You have probably heard the expression, “the left hand doesn’t know what the right hand is doing” to convey that there is a state of confusion or inconsistency within a group or organization. Well, as I see it, Ontario is now using a left hand, right hand approach to manage its electricity sector.

On the left hand, the Independent Electricity System Operator (IESO), the government agency that operates the province’s electricity grid, continues to work closely with its stakeholders to renew the wholesale electricity market. The aim of renewal is to “create a stable and efficient marketplace that produces value for consumers by encouraging competition and innovation.”  On the right hand, Ontario Power Generation (OPG), the government-owned and regulated generator, recently entered into a purchase agreement with TC Energy to acquire three natural gas-fired plants in Ontario at a total purchase price of $2.87 billion. OPG also entered into an agreement with affiliates of Canadian Utilities Limited in June to acquire the remaining 50% interest in the natural gas-fired Brighton Beach Generating Station. With these acquisitions, OPG has reduced the number of competitors in the market and increased its share of the province’s installed generation capacity by 6%, controlling 51% of all capacity. This represents a move towards a more concentrated, and arguably less competitive, marketplace.

All one thing, or all the other

So why might the IESO’s pursuit of competition and OPG’s increased concentration exemplify a left hand, right hand approach in the Ontario government’s overall approach to electricity policy? 

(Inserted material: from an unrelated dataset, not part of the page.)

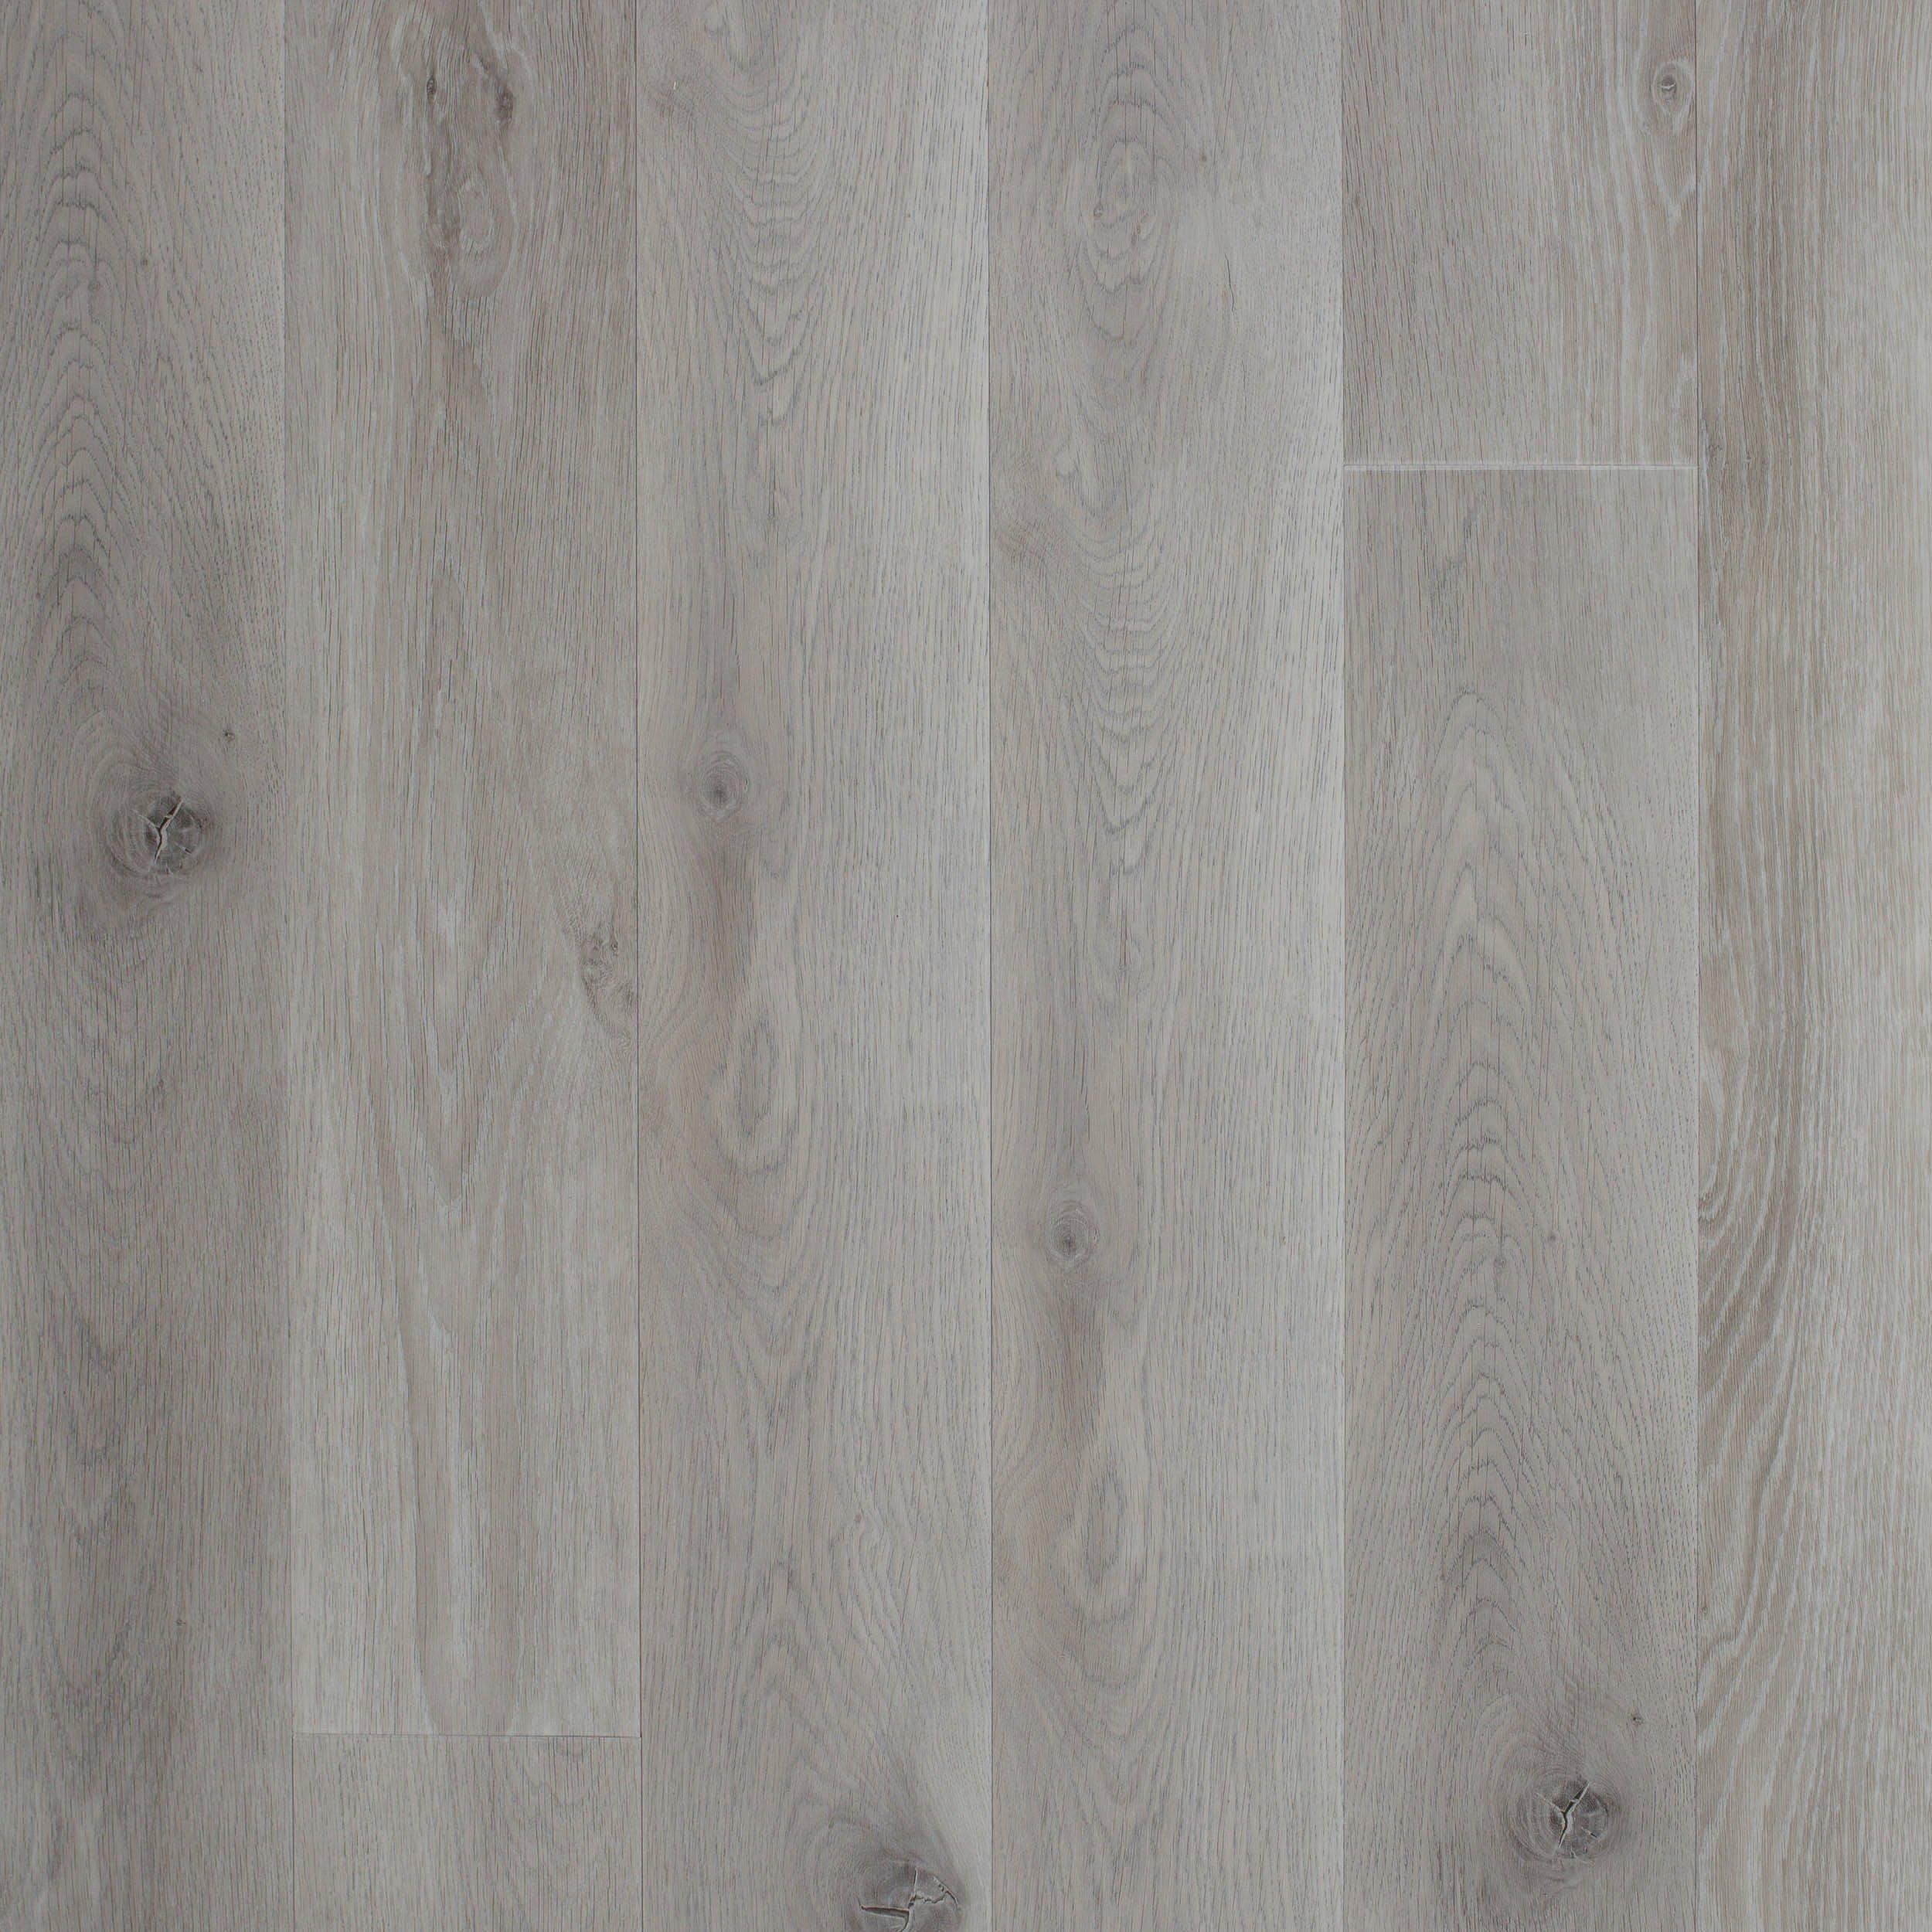 Gray High Gloss Rigid Core Luxury Vinyl Plank Cork Back Luxury Vinyl Plank Vinyl Plank Waterproof Flooring
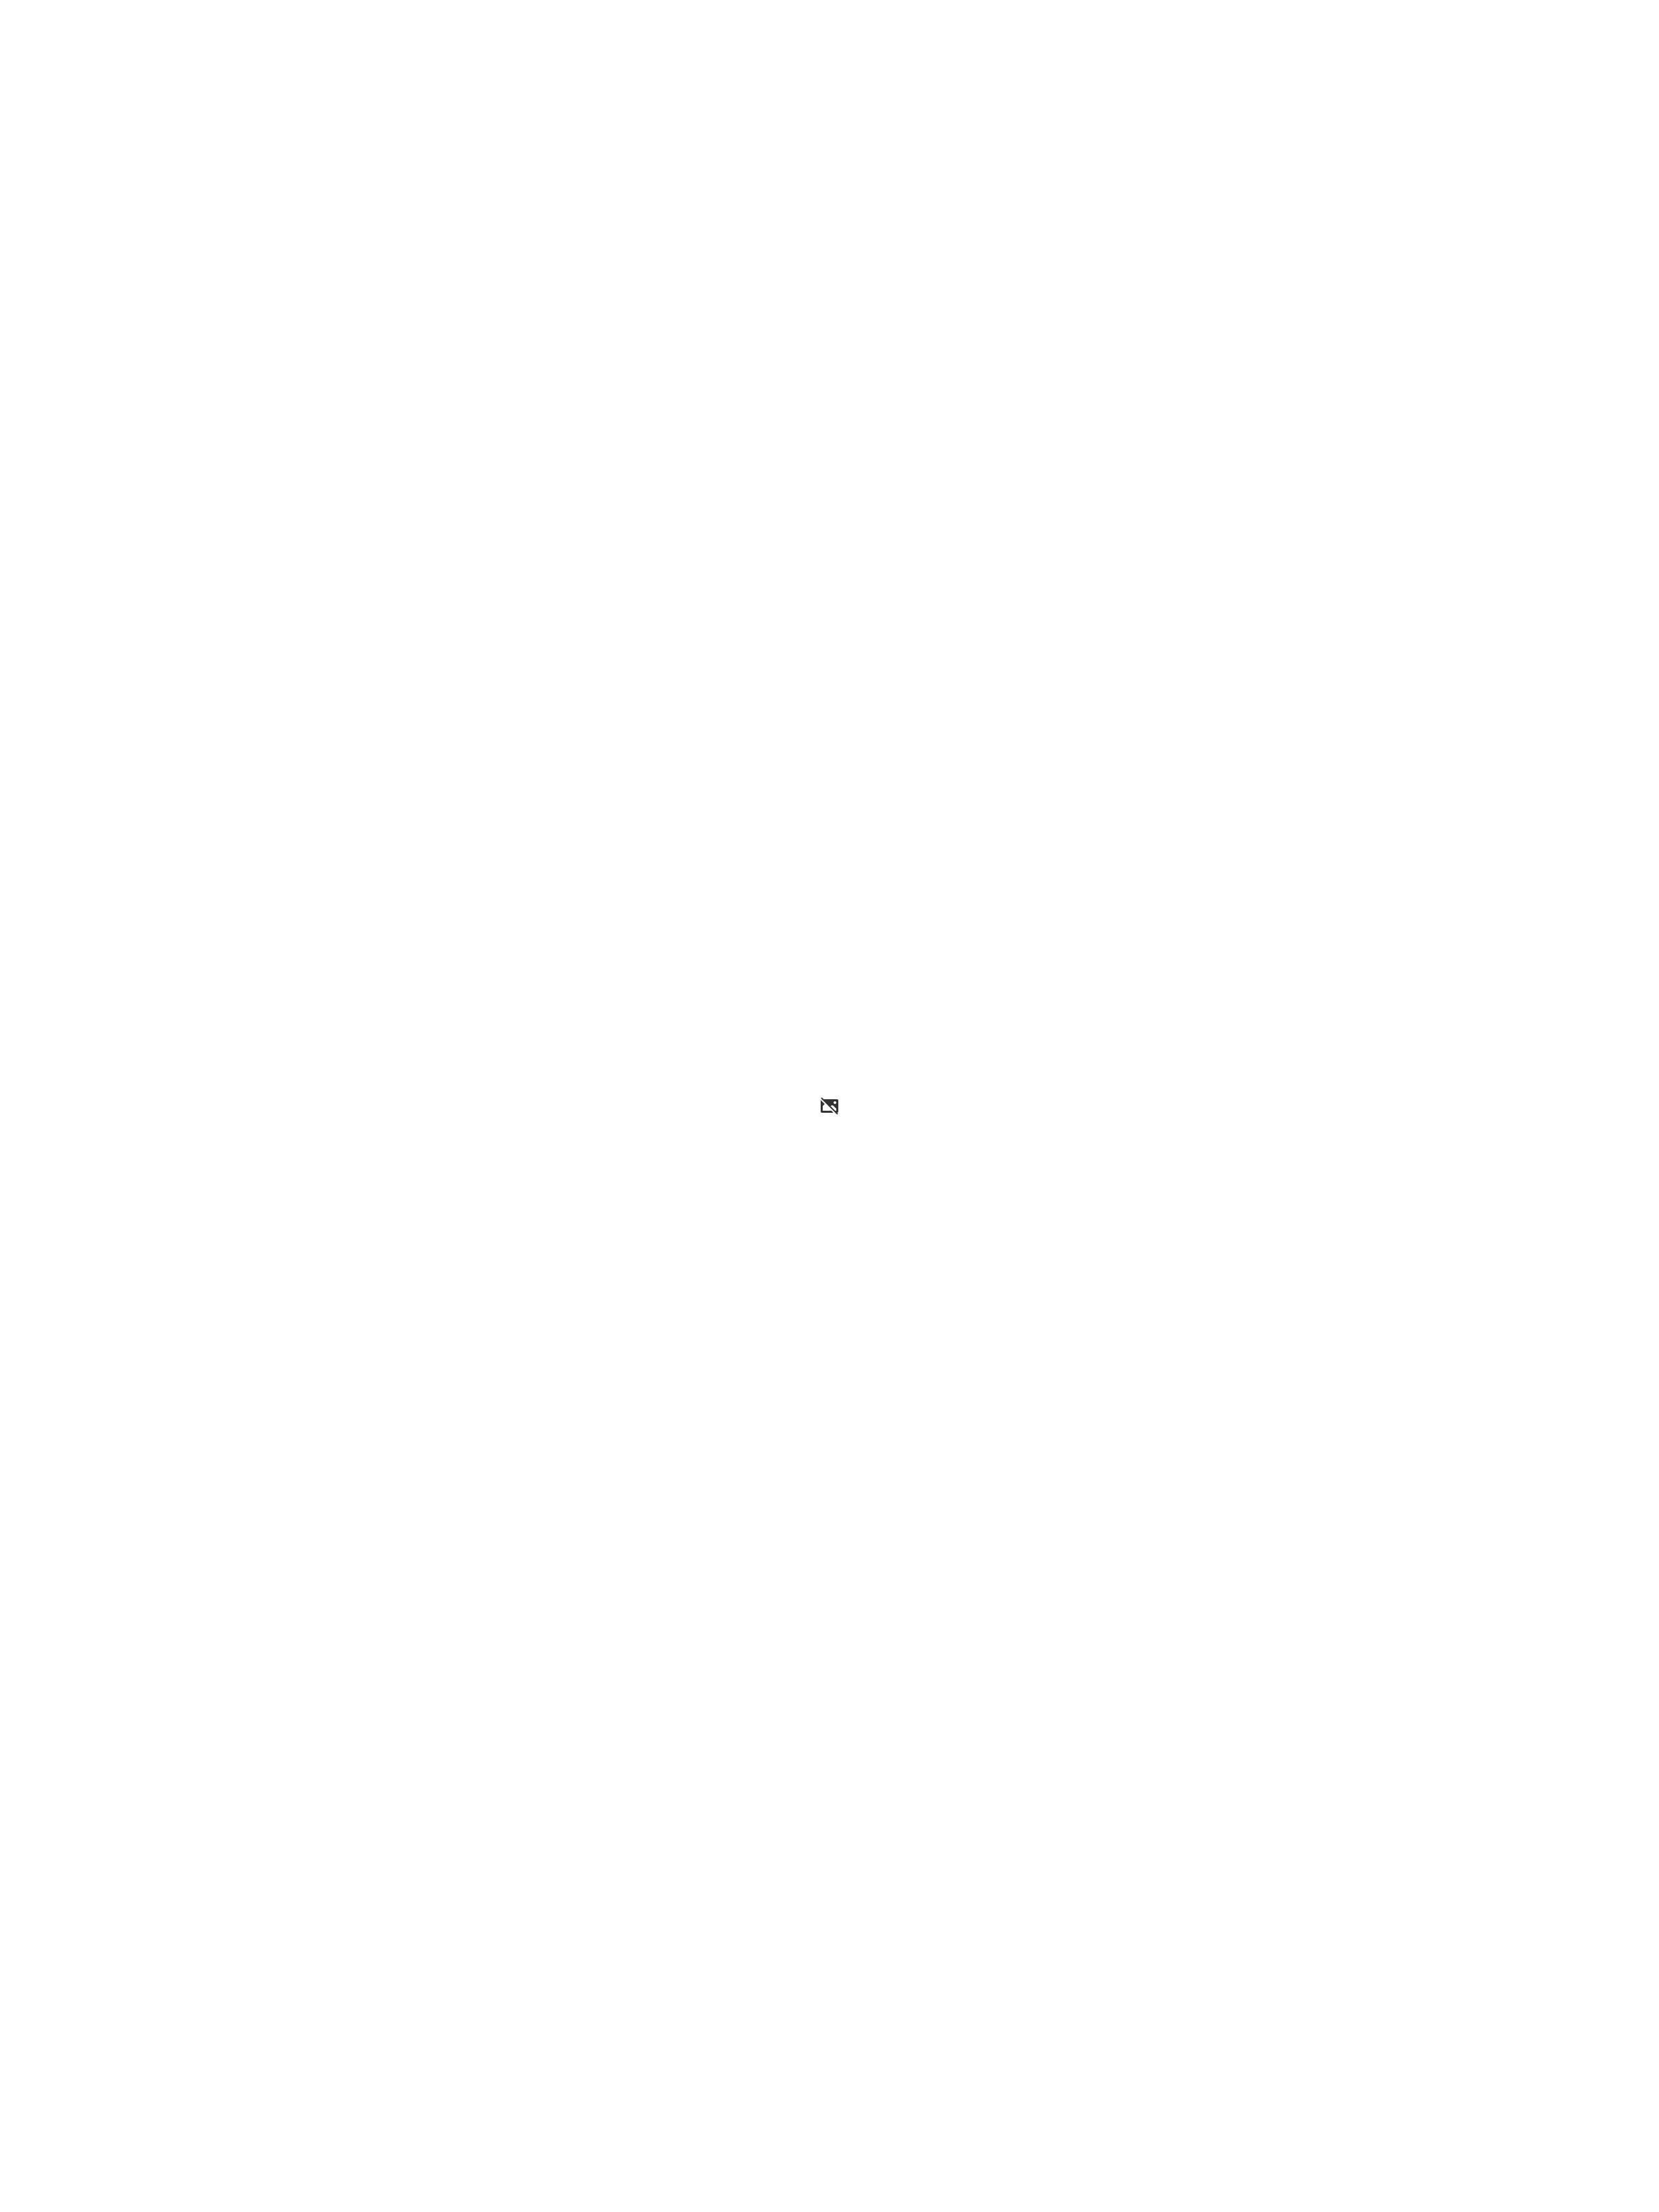 Graffiti LoL-owych bohaterów - Ziggs graffiti

First, economists and policy makers tend to view high market concentration as the antithesis of a workably competitive market. A workably competitive market is characterized as having many sellers and many buyers, so that no one buyer or seller can significantly influence the prices and outcomes in the market (i.e. no significant market power). When workably competitive markets are possible, they lead to an efficient allocation of an economy’s resources, promote innovation, and provide consumers with the lowest possible prices.  In contrast, highly concentrated markets are generally more susceptible to abuses of market power, which leads to an inefficient allocation of resources, less innovation, and higher prices for consumers. Canada, like most countries, maintains competition laws that restrict increased concentration and market power and foster the benefits of competition in the public interest.[1]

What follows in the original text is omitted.